I unholstered my stingler, aimed at the fleeing leader's back, and pulled the trigger.
He threw up his arms, rolled backward off the horse, and lay motionless in the sand.
“There's your invasion,” I said and holstered the weapon.
* * *
“Come here, Jules,” Joe said too softly and strode toward me as I comforted a slave Deneb who'd been trampled in the chaos, and waited for Bat to arrive with his little black bag,
I stood up. “Uh, I don't think so.” I backed away. “It turned out all right, Joe. Look. We freed them!”
He kept approaching. “Come here.”
I shook my head and backed away into Chancey, who wrapped his arms around me in a gorilla grip.
Huff whined from behind Joe.
“Captain,” Reika called on a pleading note, and pressed her hand to her mouth.
“Take it easy, Joe,” I said as he continued toward me.
Bat shook his head, opened his saddlebag and took out his little black bag while Wolfie held our horses' reins.
I gasped as Joe grabbed the collar of my jacket. I squeezed my eyes shut and gritted my teeth. “Not my left cheek!” I groaned as I waited for the blow. I felt a light tap on my right cheek and opened my eyes.
Joe stood before me, looking grim. “I swear to Jesus Christ and Brahma, the next time you disobey my order, I'll flatten you.” He nodded to Chancey, who let me go. I turned
and stared at Chancey, my fists clenched, my body tense. He shrugged and walked away.
“You know, Joe,” I said, “I volunteered for this mission at your urging. I'm not part of your military team!”
“You are now, kid. And this is not a democracy. The team leader is law.”
“Your law!” I strode away.
Bat went to the wounded with his bag.
Reika and Wolfie rode into the desert and returned with the leader's horse and those of two soldiers who'd been dragged off their mounts and killed by the slave Denebs. Huff went searching under rocks, as much, I think, to look for fresh meat as to be away from humans and our senseless disputes for a while.
After Bat treated the three most seriously hurt, he helped the Denebs tie them to travois behind the horses and three Denebs mounted and left for a village, about fifty kilometers to the southwest, they said, to bring back more horses and help for the others.
* * *
Late that evening, while the rest of the team slept, Bat and I sat near a small fire Joe had allowed in the darkness, and sipped coffee. I picked up a branch from a pile beside me and threw it into dying flames. The fire sparked and brightened.
“Not a bad day's work,” I told Bat.
“I wouldn't let Joseph hear ya'll say that.”
“He won't hear it from me, or I'll be needing one of your pain pills.” I glanced at Joe, asleep on his bedroll. “Sometimes he scares me. I think he's still capable of beating the hell out of me if he gets really pissed and puts his mind to it.”

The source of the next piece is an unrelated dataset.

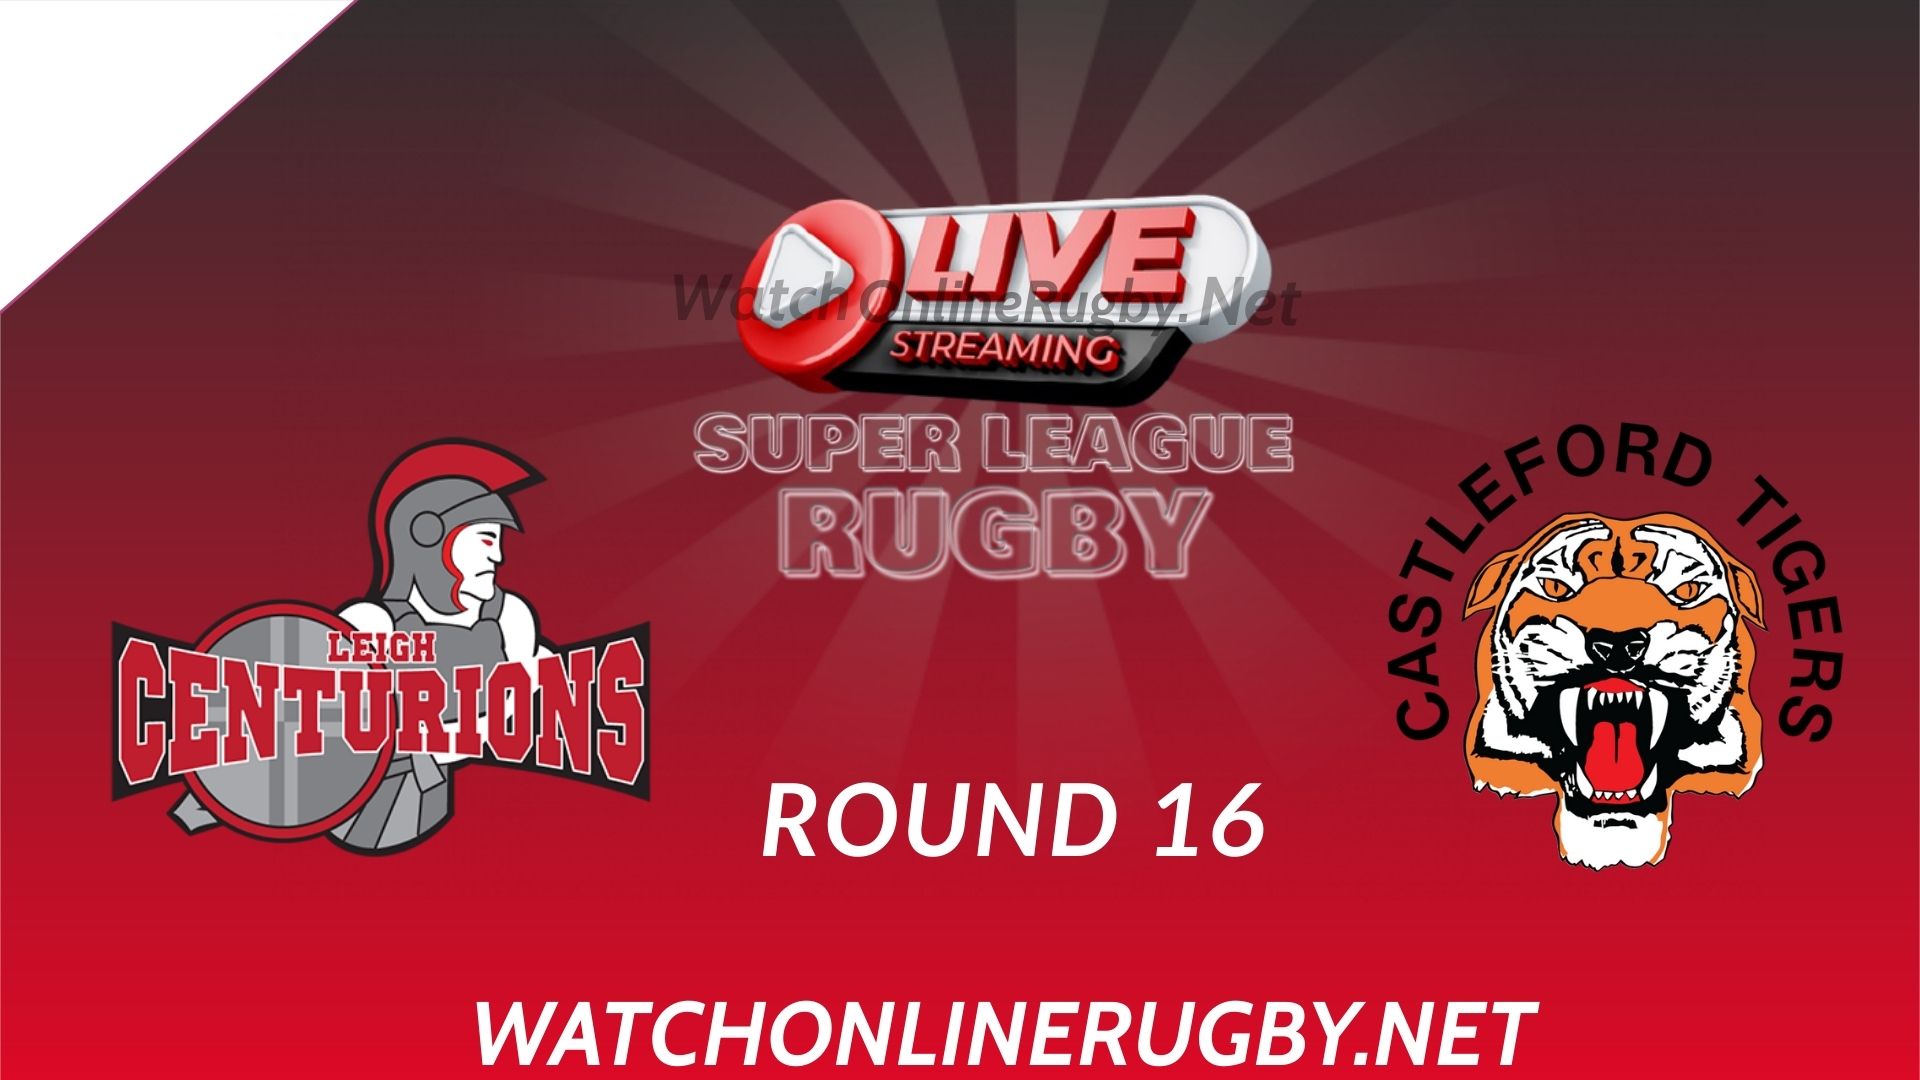 leigh-centurions-vs-castleford-tigers-rugby-hd-live

Bat shook his head. “Do you understan' how much he cares about you? He worries himself sick that ya'll gonna get yourself killed.”
“He's got a funny way of showing it.”
“Some people don't know how to express their concern with anything but anger.”
“You were ready to go and talk to the caravan, Bat.”
“Only until Joseph gave the order not to.” He put down his empty cup. “A lot o' those turncoat Denebs are headin' back to the Northwestern Village. Will they know ya'll a telepath?”
“No. I killed their leader.” I picked up a branch and tapped off insects that scurried around it. “He was the only one who might've surmised it. The others think I gave him a message from the BEMs. If anything, the village will figure I'm working for the BEMs.”